When executing the following query (a modified excerpt from the tablespace
regression test):
CREATE TABLESPACE regress_tblspace LOCATION '@testtablespace@';
CREATE TABLE test_default_tab_p(id bigint, val bigint)

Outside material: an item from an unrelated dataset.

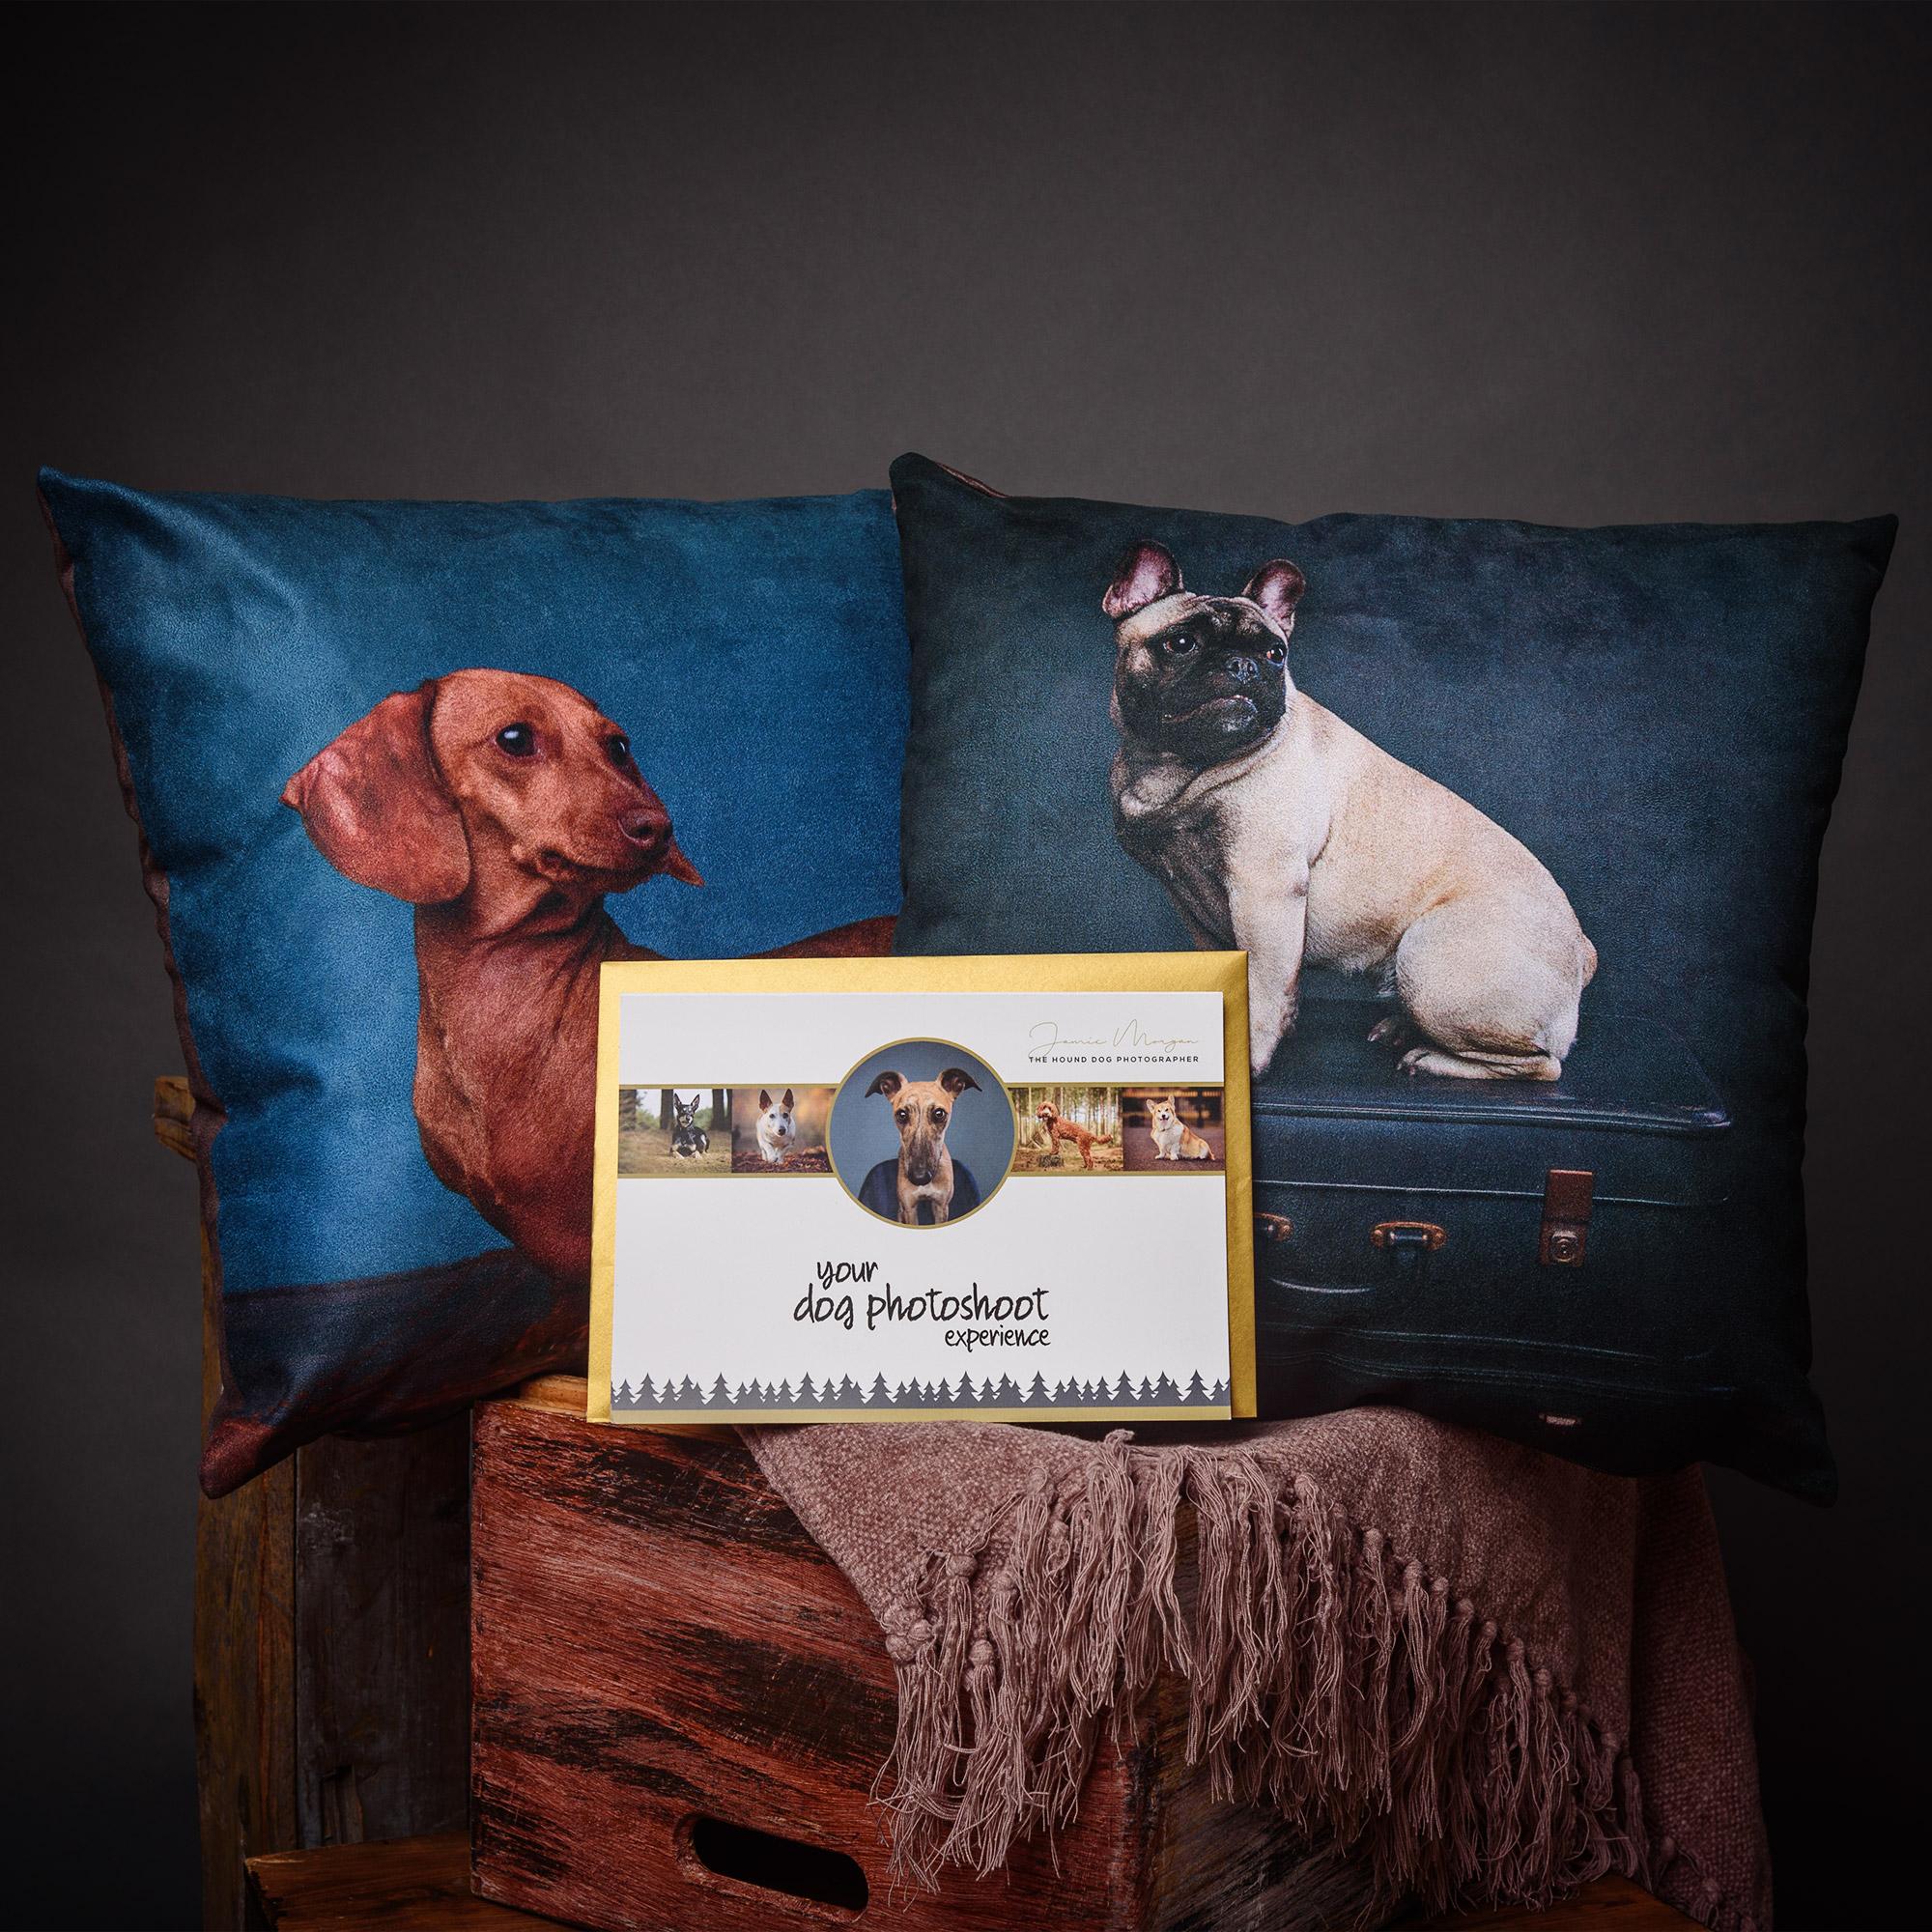 Cushion & Studio Dog Photoshoot Experience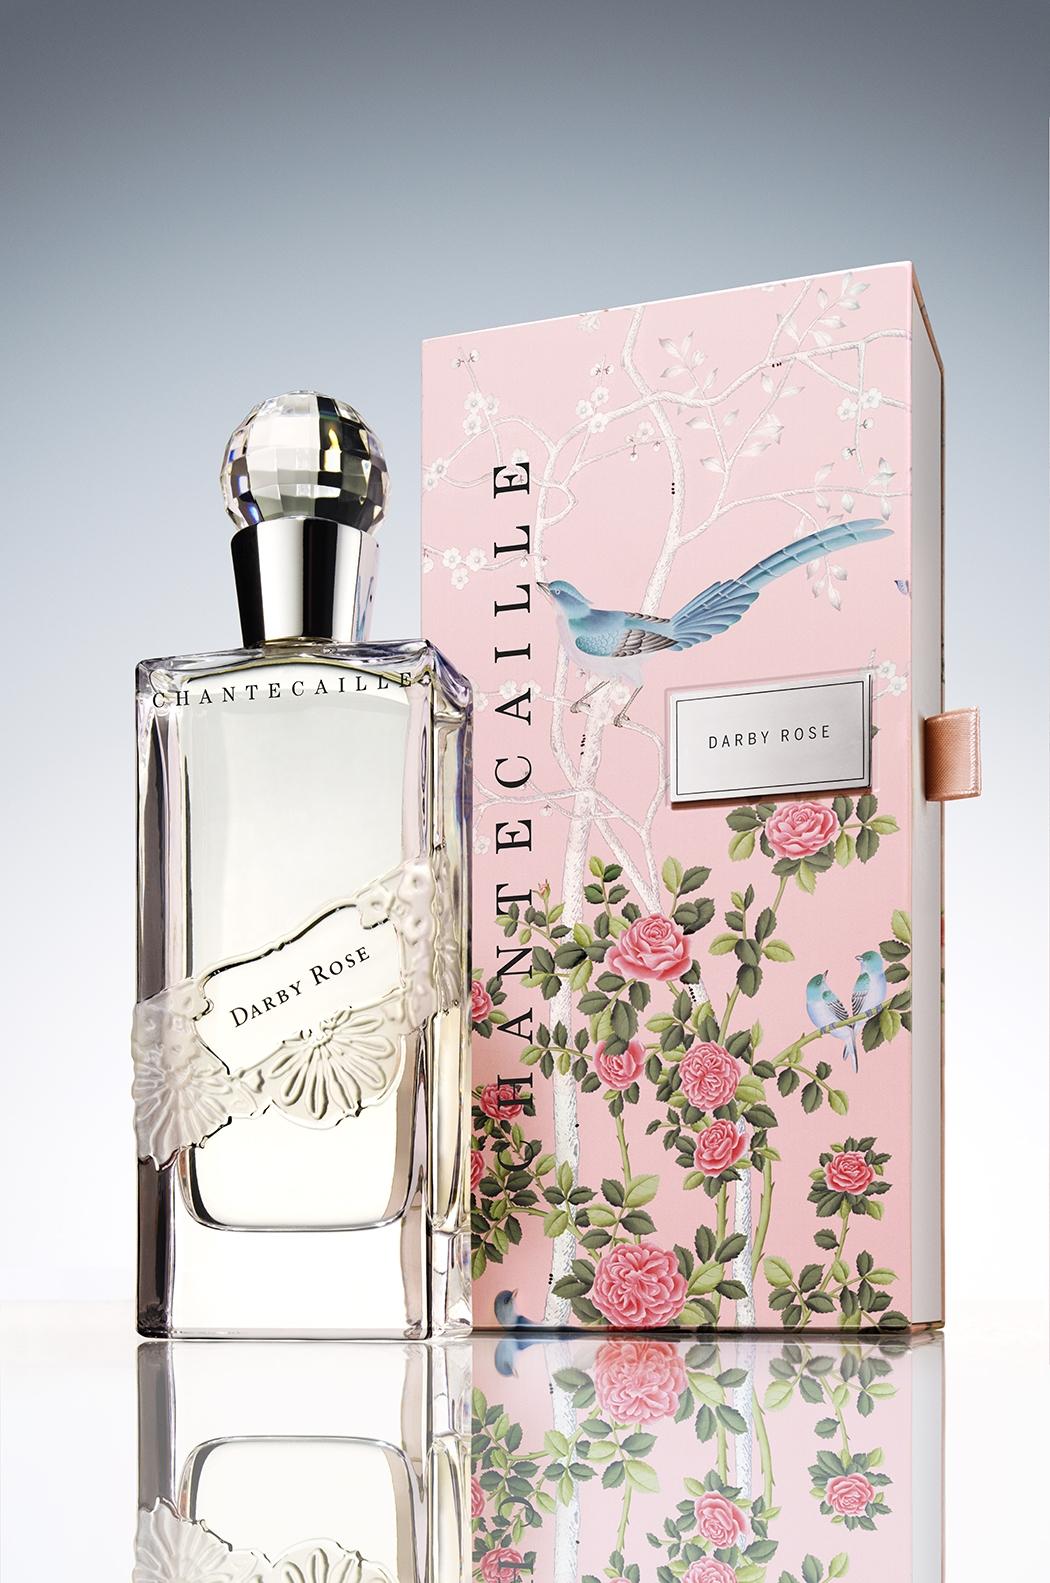 香水控必搜~沒買給自己真的會後悔,「達比玫瑰」一噴就是氣質,輕甜優雅就像滾過玫瑰花瓣般

    PARTITION BY LIST (id) TABLESPACE regress_tblspace;
CREATE INDEX test_index2 on test_default_tab_p (val) TABLESPACE
regress_tblspace;
DROP TABLESPACE regress_tblspace;
\d+ test_default_tab_p;
ALTER TABLE test_default_tab_p ALTER val TYPE bigint;

I get a segfault with the stacktrace:
Core was generated by `postgres: law regression [local] ALTER TABLE        
                        '.
Program terminated with signal SIGSEGV, Segmentation fault.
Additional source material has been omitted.